» **WORK ITEM**
Output the listing exactly, without its pictures.

» **SUPPLIED INFORMATION**

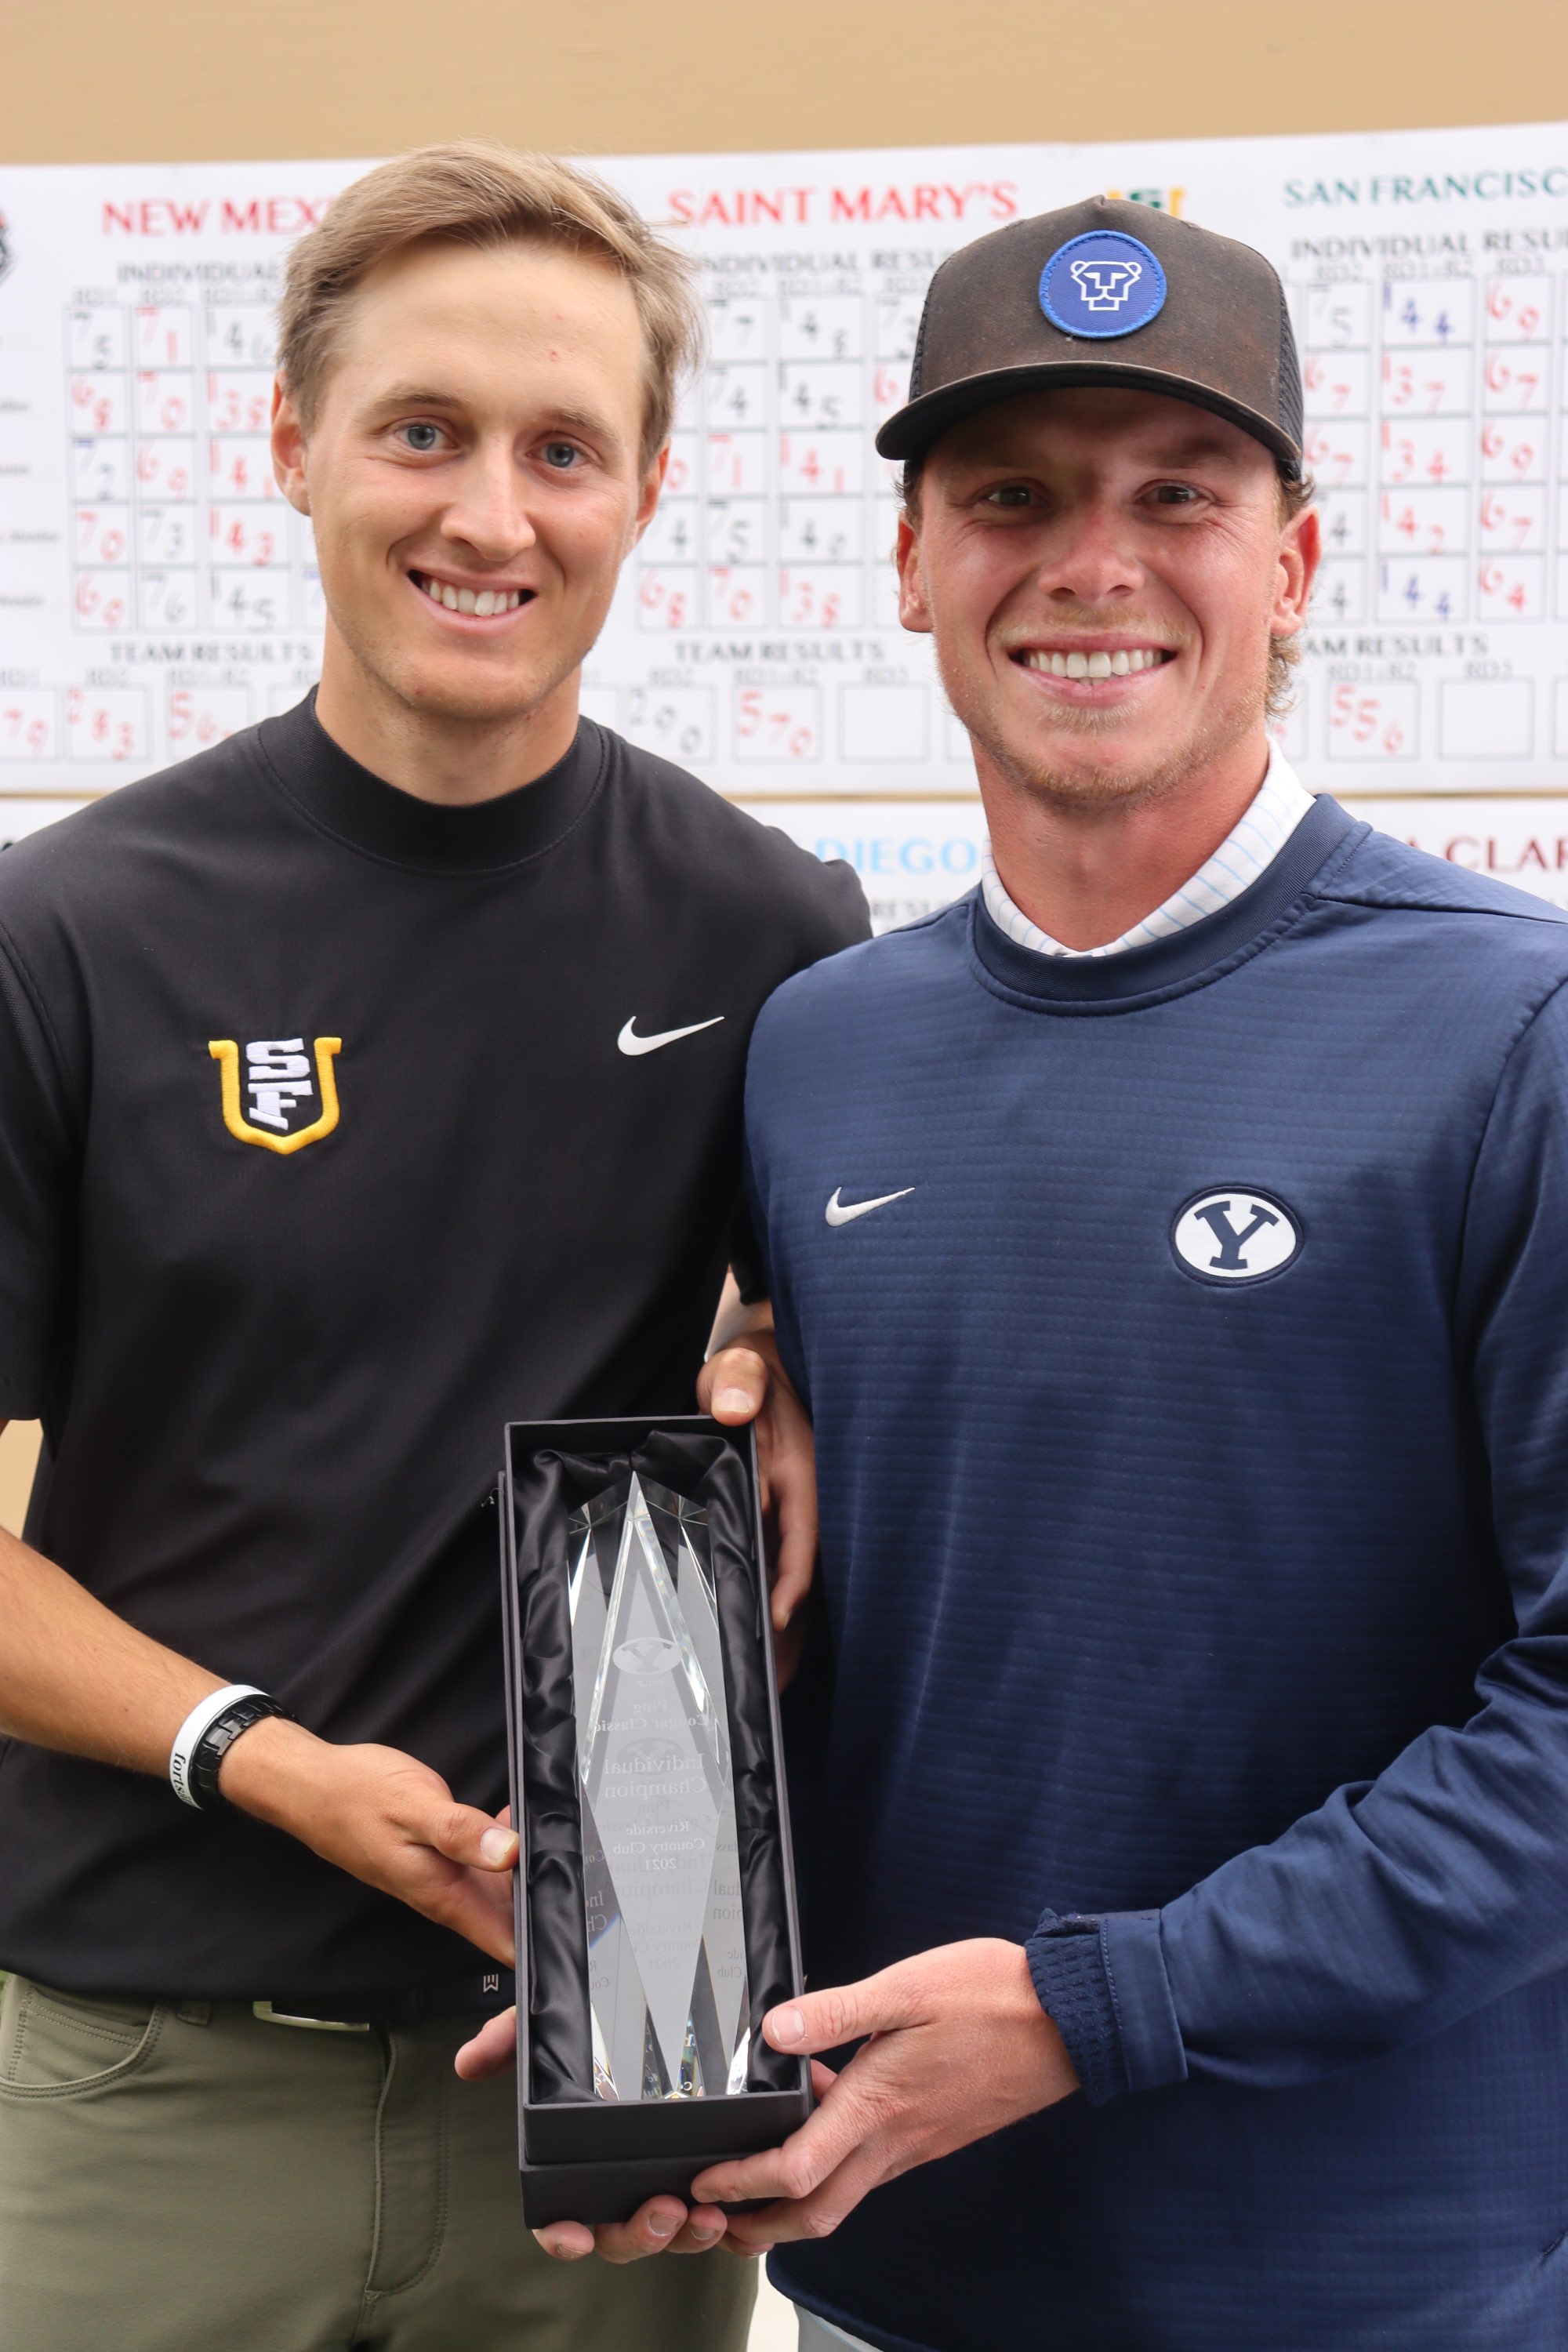 (Left to right) Tim Widing of San Francisco and Carson Lundell of BYU - 2021 Cougar Classic co-champions - credit Fairways Media/Randy Dodson
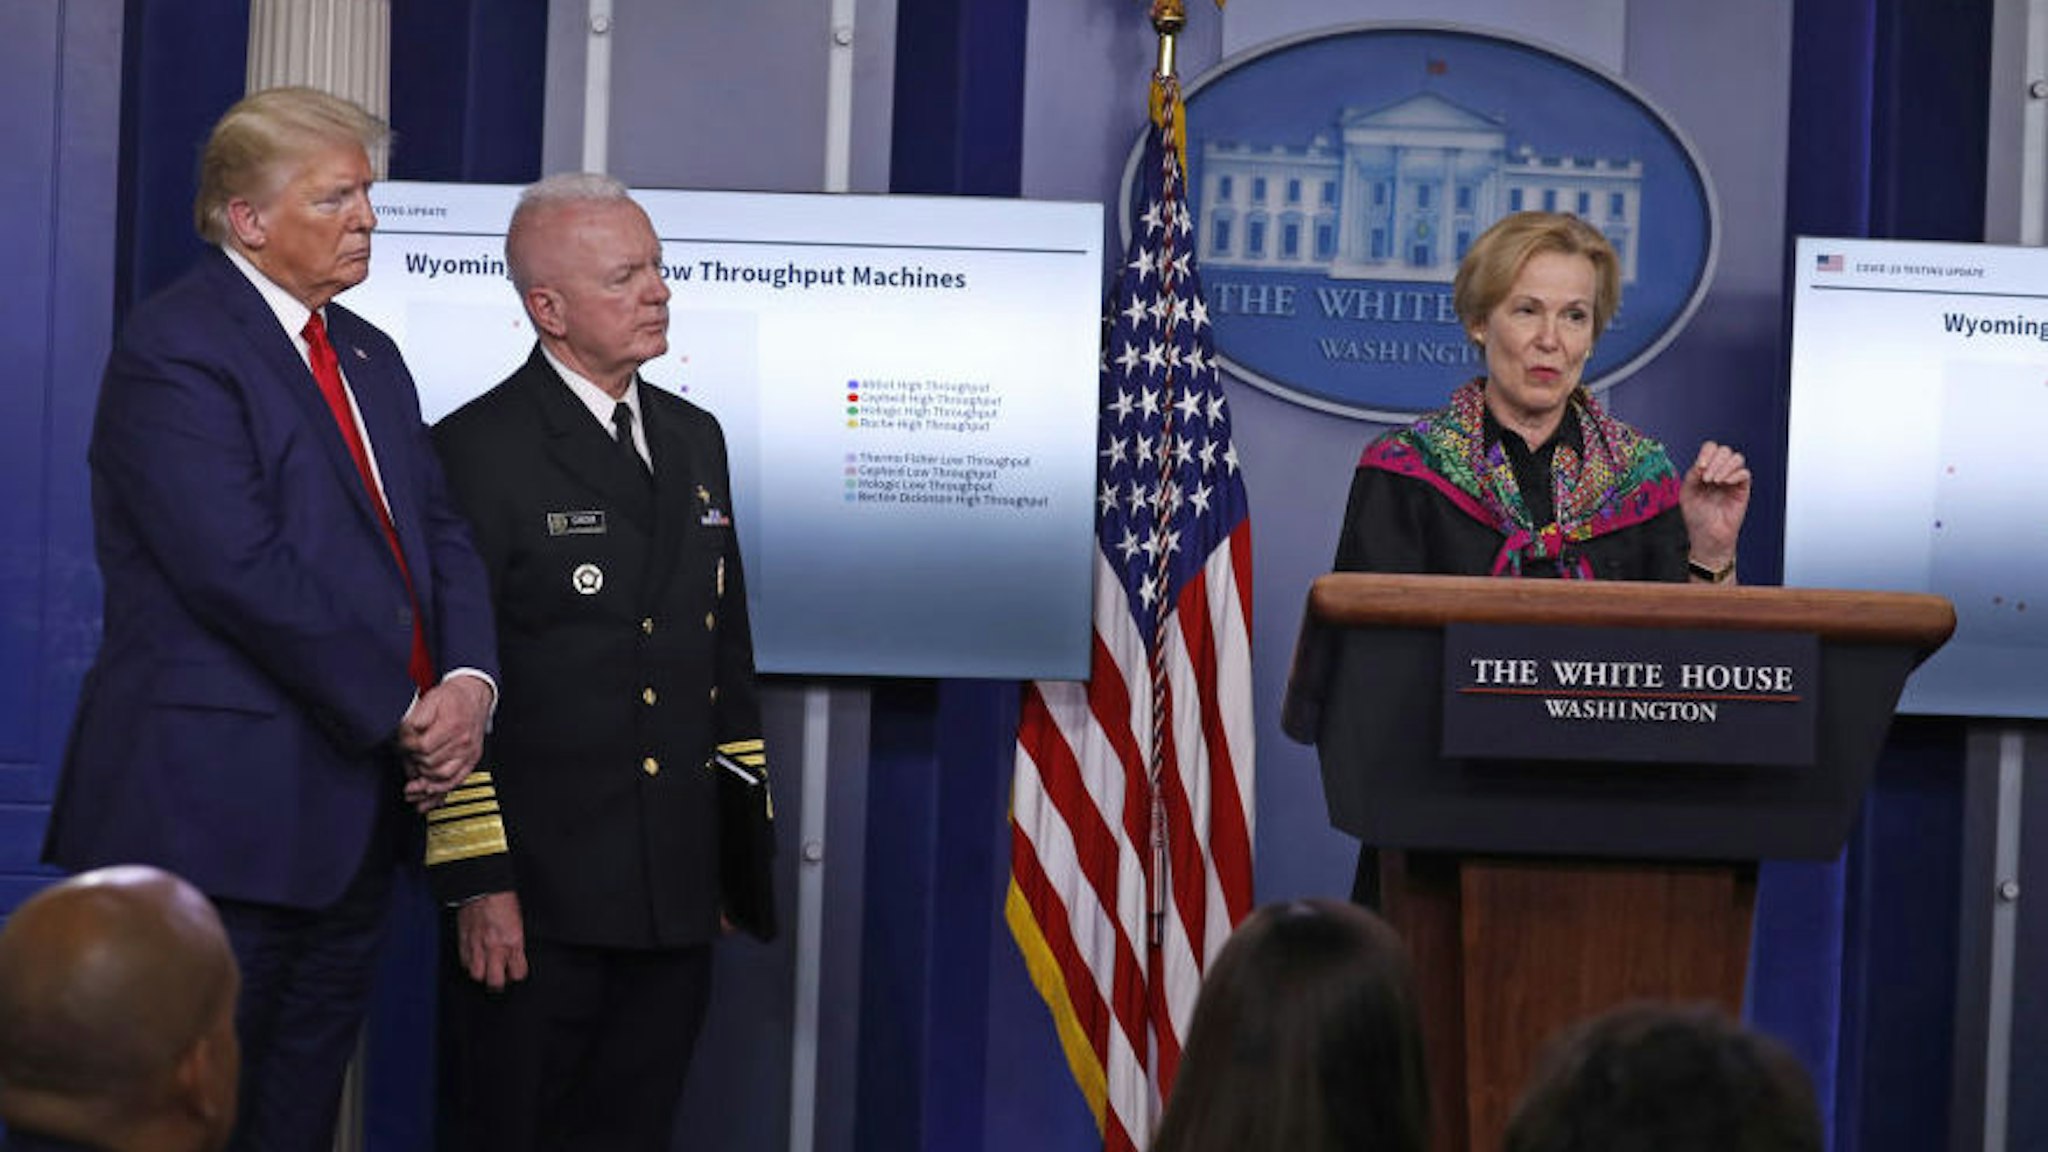 Deborah Birx, coronavirus response coordinator, speaks as U.S. President Donald Trump, left, and Brett Giroir, U.S. assistant secretary for health, second left, listen during a news conference at the White House in Washington D.C., U.S. on Monday, April 20, 2020. Negotiations between Democrats and the Trump administration on a deal to replenish a small business aid program and assist hospitals spilled into Monday as both sides raced to put together a package that Congress could approve this week. Photographer: Tasos Katopodis/Bloomberg
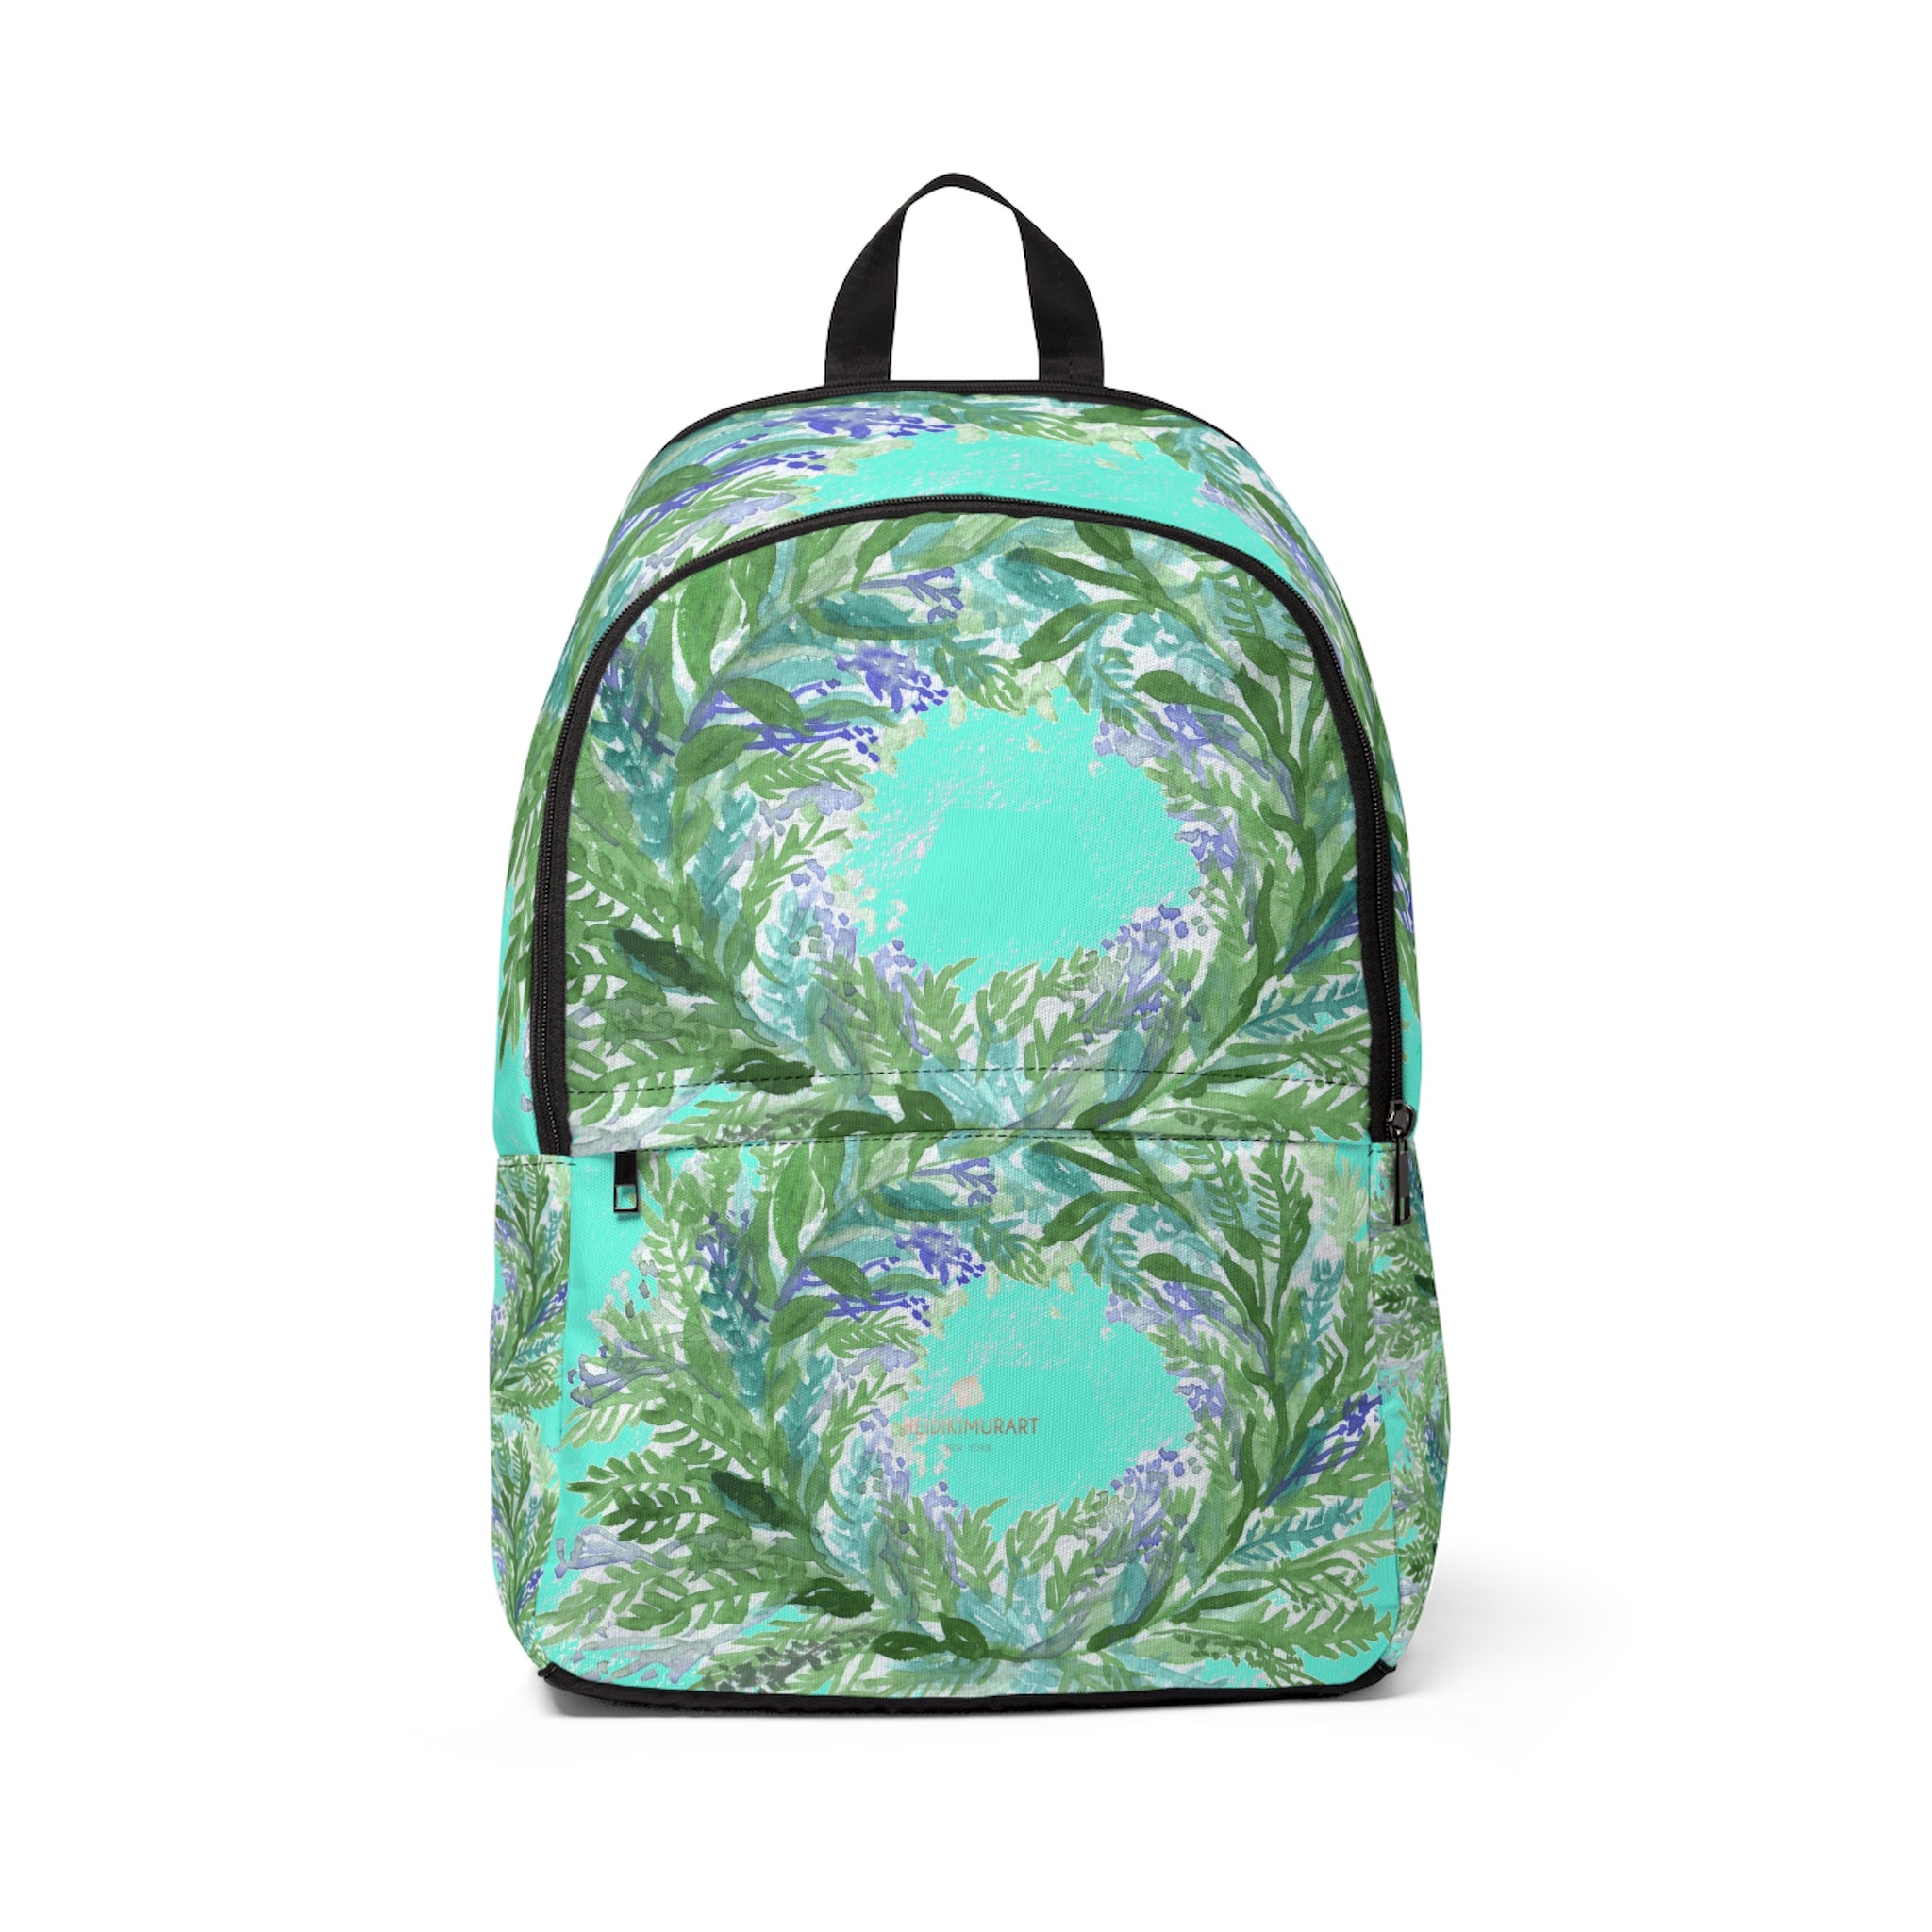 Bright Blue Purple Lavender Floral Print Designer Unisex Fabric Backpack-Backpack-One Size-Heidi Kimura Art LLC Blue Lavender Backpack, Bright Blue Purple Lavender Floral Print Designer Unisex Fabric Backpack School Bag With Laptop Slot

» **PROBLEM SOLUTION**
 (Left to right) Tim Widing of San Francisco and Carson Lundell of BYU - 2021 Cougar Classic co-champions - credit Fairways Media/Randy Dodson
 Deborah Birx, coronavirus response coordinator, speaks as U.S. President Donald Trump, left, and Brett Giroir, U.S. assistant secretary for health, second left, listen during a news conference at the White House in Washington D.C., U.S. on Monday, April 20, 2020. Negotiations between Democrats and the Trump administration on a deal to replenish a small business aid program and assist hospitals spilled into Monday as both sides raced to put together a package that Congress could approve this week. Photographer: Tasos Katopodis/Bloomberg
 Bright Blue Purple Lavender Floral Print Designer Unisex Fabric Backpack-Backpack-One Size-Heidi Kimura Art LLC Blue Lavender Backpack, Bright Blue Purple Lavender Floral Print Designer Unisex Fabric Backpack School Bag With Laptop Slot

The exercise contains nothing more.